Here, we do not take the view of contingency table as a setup of Grenander’s Method of Sieves (MoS) [26] in this paper. Though MoS can be a choice for practical reasons and computing issues involving many dimensional features or variables, we do not concern primarily on estimating the population-versions of CEs and $I [R e; C o]$ per se, nor the induced sieves biases. Rather, the dimensions of contingency tables are made adaptable to the necessity of accommodating multiple covariate feature-members in A. Within such cases, the collection of categories of A might be built based on hierarchical or K-means clustering algorithms. From this perspective, computations for theoretical conditional entropy and mutual information between multiple dimensional covariate and possibly multi-dimensional Y are neither realistically nor practically possible, due to the limited size of the available data sets. Since this kind of sieves is data dependent, the computations for sieve biases can be much more complicate than that covered in [19].
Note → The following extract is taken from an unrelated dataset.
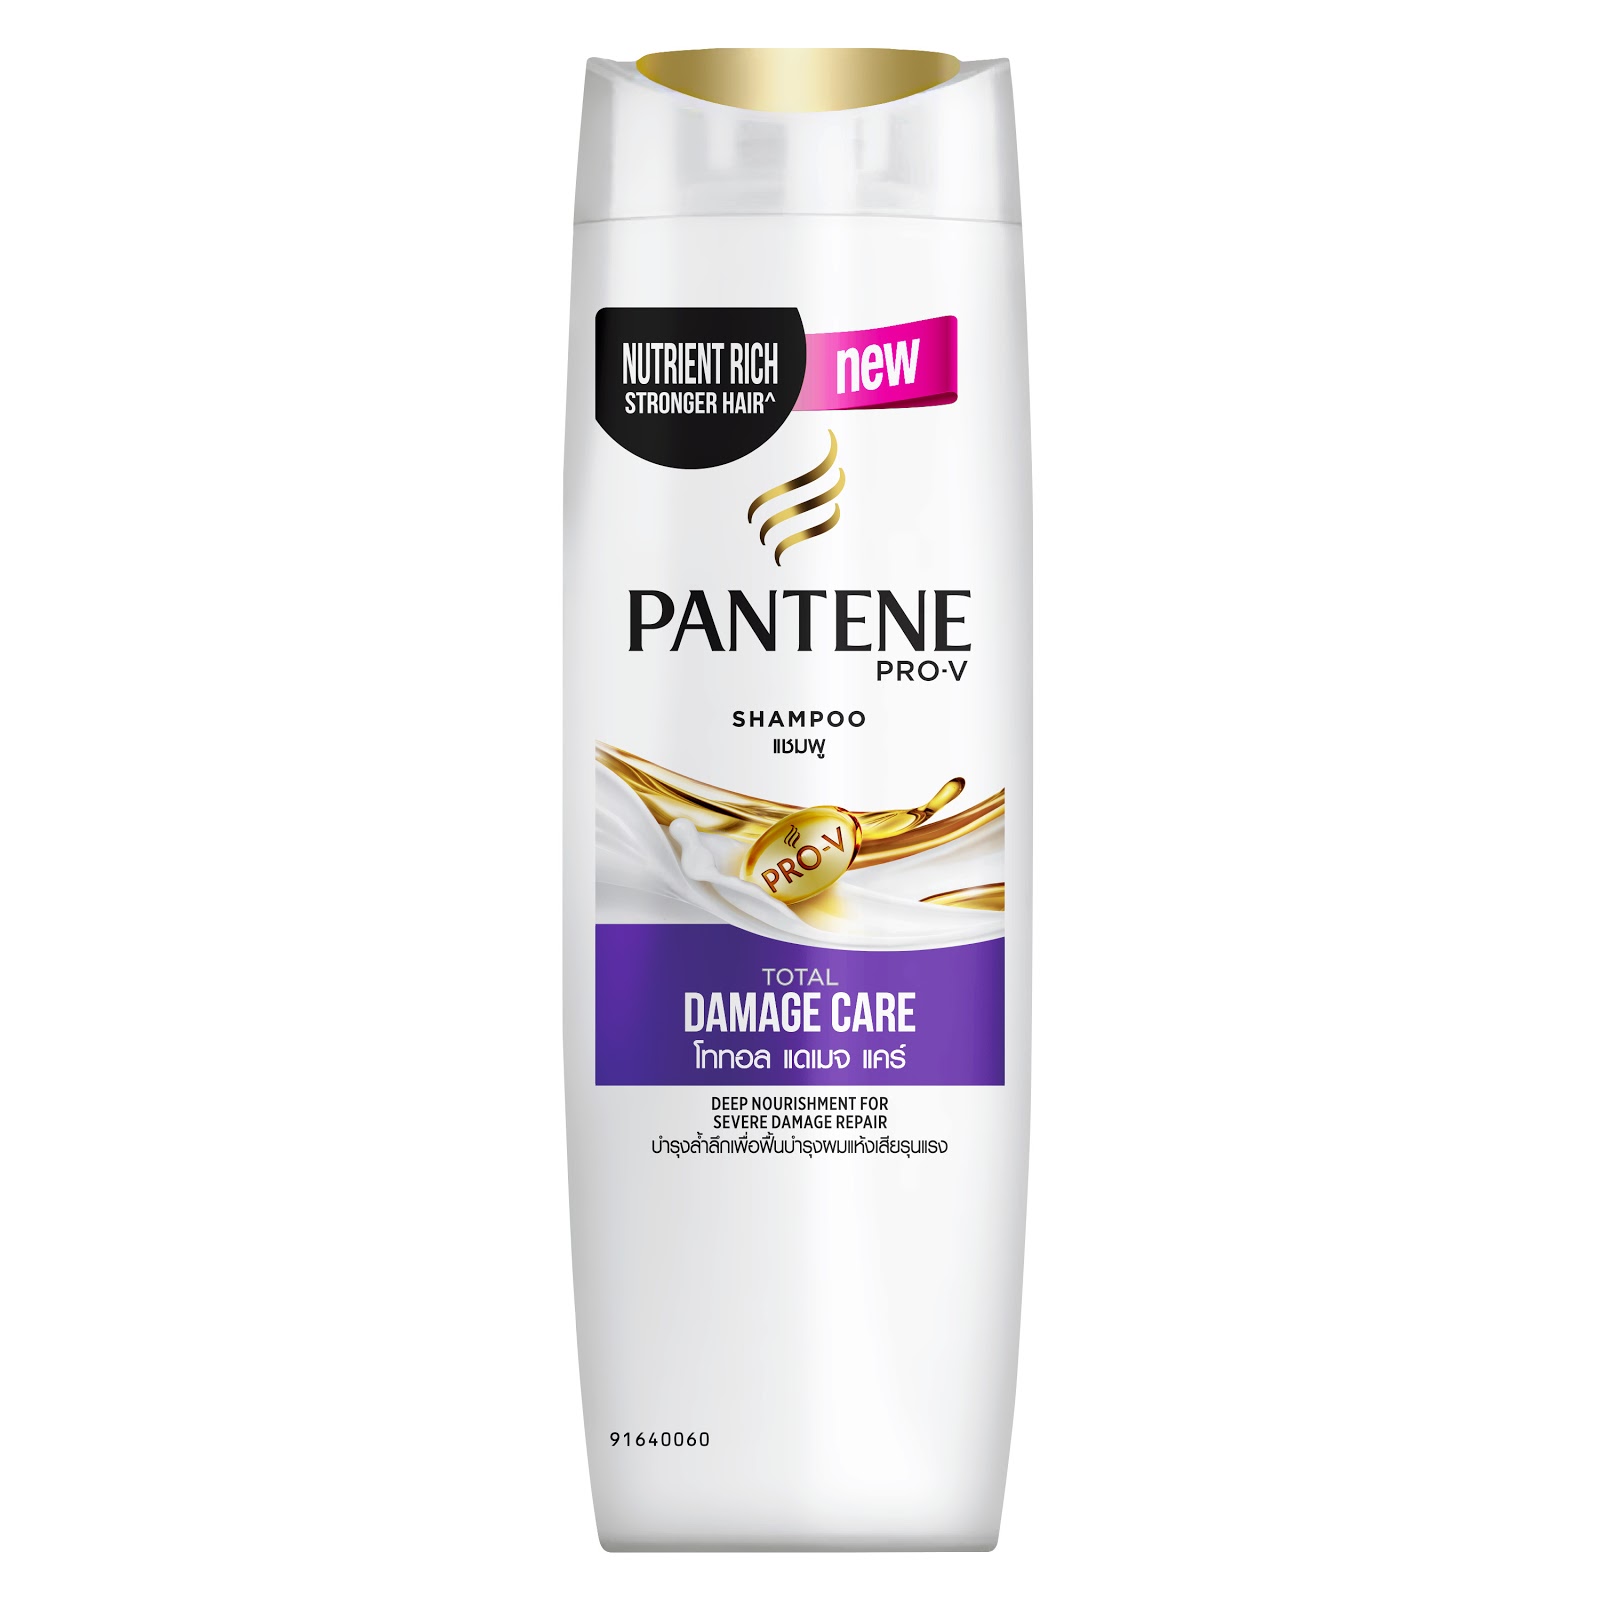 Pantene damage repair shampoo treatment for dry hair

In this paper, we illustrate and carry out CEDA coupled with its major factor selection protocol through a series of 6 classic statistical topic examples, within each of which various scenarios are also considered. By building contingency tables across various dimensions with respect to different sample sizes, we attempt to reveal the robustness of CEDA resolutions to statistical topic issues. On one hand, we learn practical guidelines of evaluating conditional (Shannon) entropy and mutual information along this illustrative process. On the other hand, we demonstrate that very distinct CEDA resolutions to these classic statistical topic issues can be achieved by coherently extracting data’s authentic information content, which is the intrinsic goal of any proper data analysis. That being said, if modeling is indeed a necessary step within a scientific quest, then data’s authentic information content surely will better serve its purpose by relying on confirmed structures to begin with a new kind of data-driven modeling.

At the end of this section, we briefly project the applicability of our CDA approach for data analysis related to complex systems. One critical application is in a case-control study. Since such studies likely involve multiple features of any data types as often conducted in medical, pharmaceutical, and epidemiological research. Another critical application of CEDA is to serve as an alternative approach to all kinds of regression analysis techniques based on linear, logistic, log-linear, or generalized linear regression models. Such modeling-based analyses are often required and conducted in biological, social, and economic sciences, among many other scientific fields. Furthermore, in our ongoing research, we look into the issue of how well CEDA would deal with causality issues. Addiotonally, with such a wide spectrum of applicability, we project that CEDA will become an essential topic of data analysis education in the fields of statistics, physics, and beyond in the foreseeable future.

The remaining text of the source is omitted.